Vitamins are organic chemicals that the body needs in order to function correctly. Vitamins do not have any energy value (or calories) themselves. However, they perform essential functions in the body such as:

  • breaking down fat, carbohydrate and protein
  • repairing body tissues
  • helping the immune system
  • preventing diseases and birth defects.

Vitamins are derived from plants or animals, ie living things, unlike minerals. Their names and functions are detailed below.

broccoliVitamin A

Vitamin A's function is the growth and repair of body tissue and keeping the body's skin and mucous membranes healthy including the linings of the airways and the digestive tract. It is also necessary for strong bones, good eye sight (in particular at night) and healthy blood. Vitamin A occurs in two forms, one of animal and one of plant origin. The Vitamin A of animal origin is called retinol. Retinol can be used directly by our bodies. Retinol is a fat soluble vitamin and is found in fat, oil and meat. There is a very large amount of retinol in animal liver and fish liver oils. It is added to margarine.

The other form of Vitamin A is of vegetable origin and is called beta-carotene. It is found in strongly coloured fruit and vegetables including apricots, mangoes, canteloupe and water melons, carrots, spinach, sweet potatoes and broccoli.

Deficiencies in Vitamin A lead to night blindness, skin problems, fatigue and diarrhoea. However, it is possible to overdose on Vitamin A. The majority of people will take in more Vitamin A than they need through a standard diet and supplements are not usually required.

Vitamin B

Vitamin B is the global name given to a number of related chemicals (see below). All the B vitamins are water soluble. They work together to help break down carbohydrates into glucose, metabolise fats and protein and ensure the correct functioning of the central nervous system. In addition, they are connected with the health of skin, hair, blood and the digestive tract.

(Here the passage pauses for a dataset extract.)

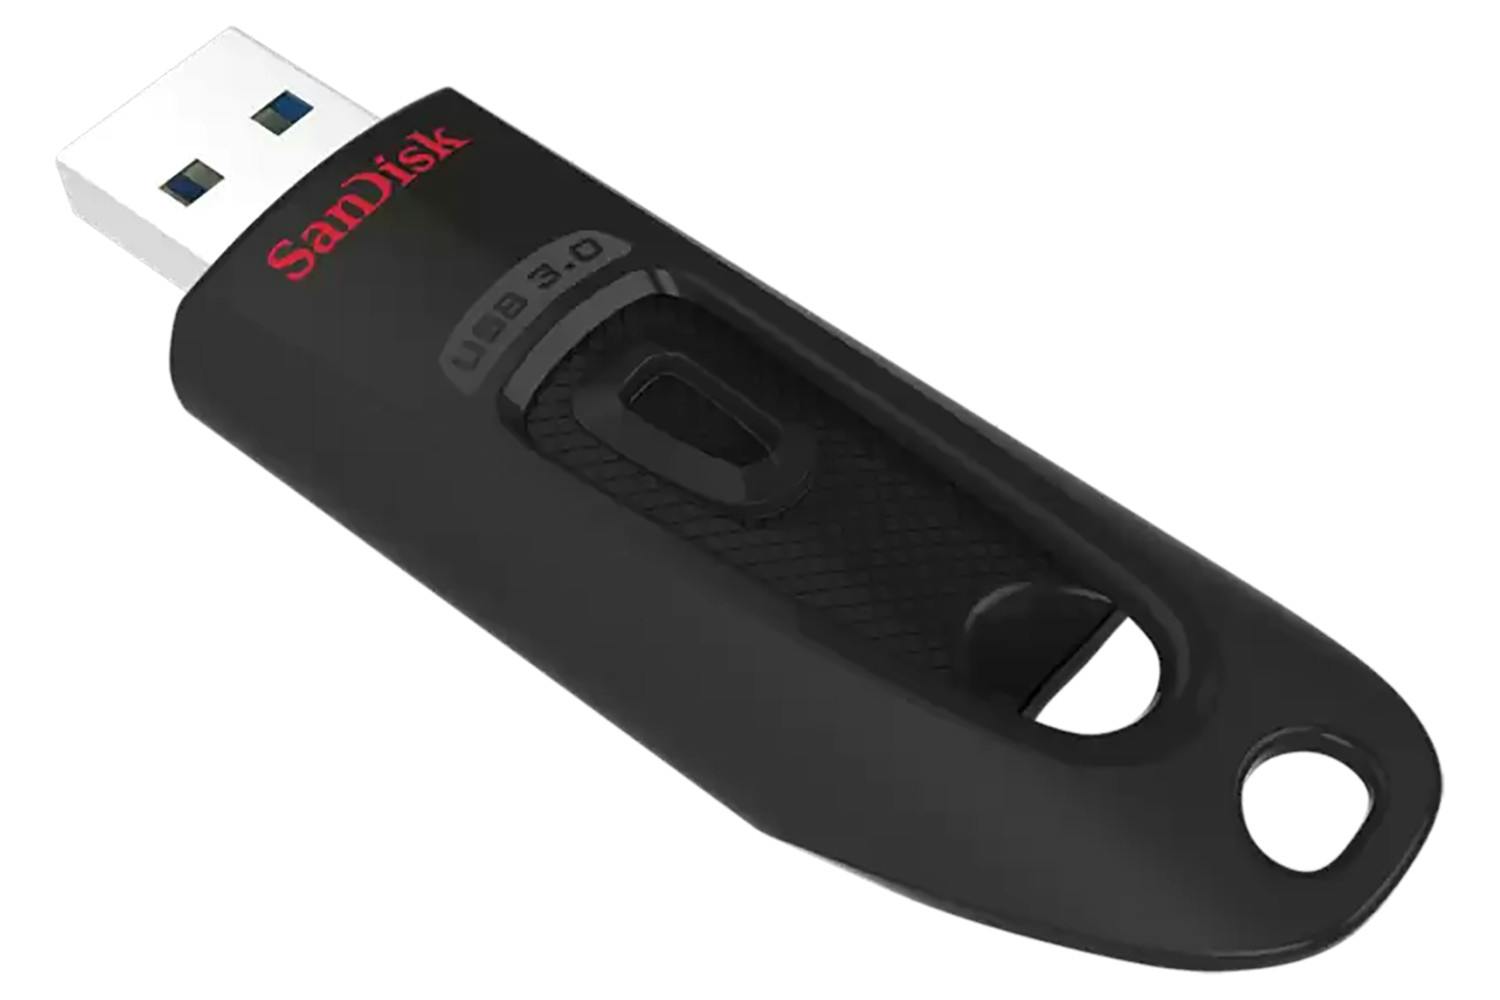 SanDisk Ultra USB 3.0 Flash Drive | 64GB
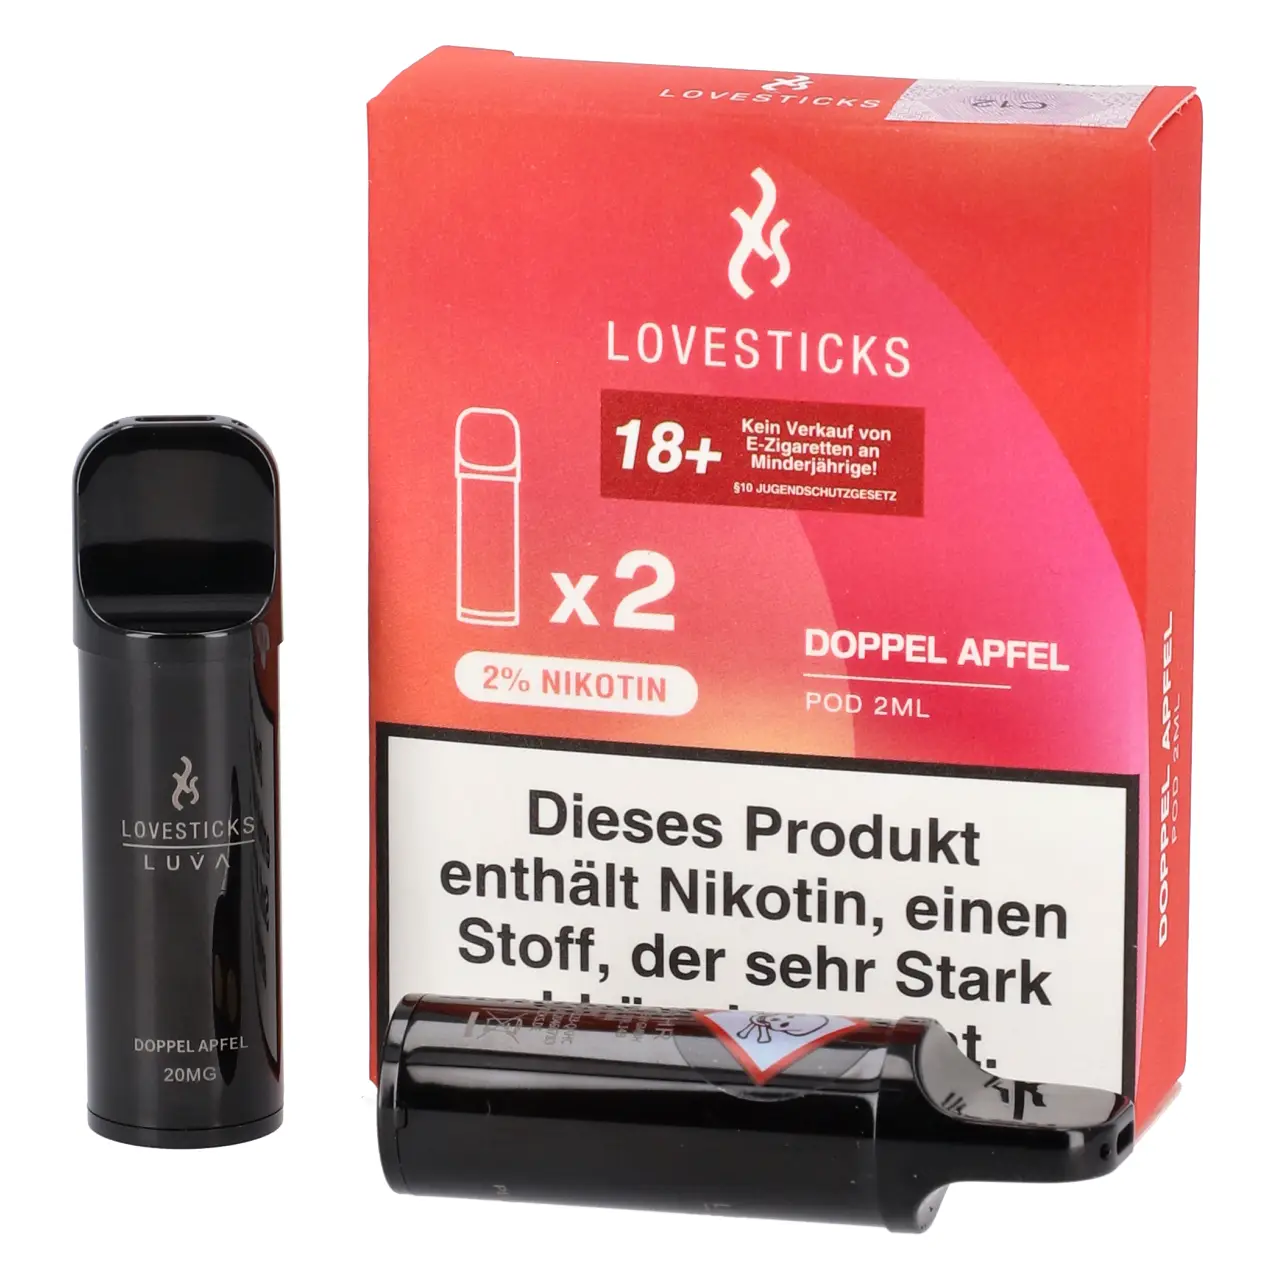 Doppel Apfel - Lovesticks Luva Prefilled Pod - 2er Packung

oily fishThe best known and studied B vitamins include:

  • Vitamin B1 (Thiamin). Rich sources of thiamin include wholemeal bread, brown rice, yeast and oatmeal. Fruit and green vegetables also contain B1. A deficiency of B1 can lead to beriberi, a disease of the nervous system. The word "beriberi" originates from a Sri Lankan phrase that means "I can't, I can't".
  • Vitamin B2 (Riboflavin). Rich sources of Riboflavin include cabbage, lettuce, liver, yeast, liver, milk, yoghurt, cheese and wholegrain cereals. It should be noted that B2 is destroyed by exposure to ultra-violet light, so milk should not be left on the doorstep too long! A deficiency in B2 leads to symptoms in the eyes, including light sensitivity, and itchy or gritty feeling or conjunctivitis.
  • Vitamin B3 (Nicotinic Acid). The body can convert the protein trytophan into B3. Sources of trytophan include milk and eggs. The main direct sources of B3 in the diet include meat and cereals. A deficency in B3 can lead to a disease called pellagra, whose symptoms include dementia, diarrhoea, skin and sleep problems. It is virtually unheard of in the Western World, although still occurs in parts of China, Africa and India.
  • Vitamin B6 (pyridoxine). Rich sources of vitamin B6 include tuna, bananas, poultry, spinach and fish. A deficiency can lead to fatigue, anaemia, skin problems and fits.
  • Vitamin B12 (also known as cobalamin due to its cobalt content). It is made by bacteria in the body from foods of animal origin, ie meat and dairy products. Vegans, who eat no animal products at all, will need to take a vitamin B12 supplement. A deficiency in B12 will lead to anaemia and possible irreversible nerve damage.
  • Folic Acid (folate) - this B vitamin is found in green vegetables, oranges, bananas and yeast extract. However, cooking destroys this vitamin, so many cereals are fortified with it. It is adviseable for women thinking of having a family to take a folic acid supplement before and during pregnancy (up to week 12). Taking folic acid dramatically reduces the risk of birth defects of the brain and spine, including spina bifida. The current recommendation is a supplement containing 0.4 mg of folic acid (ie 400 microgram).
  • Biotin - this vitamin is found in leafy green vegetables, liver, kidney, milk, dried fruit and egg yolk.
  • Pantothenic Acid - the richest sources of this vitamin include oily fish, eggs, kidney, yeast, liver and wholegrains. However, a deficiency of this vitamin has never been identified in man (although it has in animals).

Vitamin C (Ascorbic Acid)

blackcurrantsVitamin C is a water soluble vitamin. It is found in fruit and vegetables - the richest sources include blackcurrants, orangesstrawberries, citrus fruits, peppers, sweet potatoes and kiwi fruit. Vitamin C is essential for the formation of connective tissue in the body, which holds together skin, bone, tendons and ligaments. It also aids healing and prevents haemorrhaging. In addition, it aids the absorption of iron from none animal sources and is an antioxidant, meaning that it prevents some other vitamins oxidizing (decaying).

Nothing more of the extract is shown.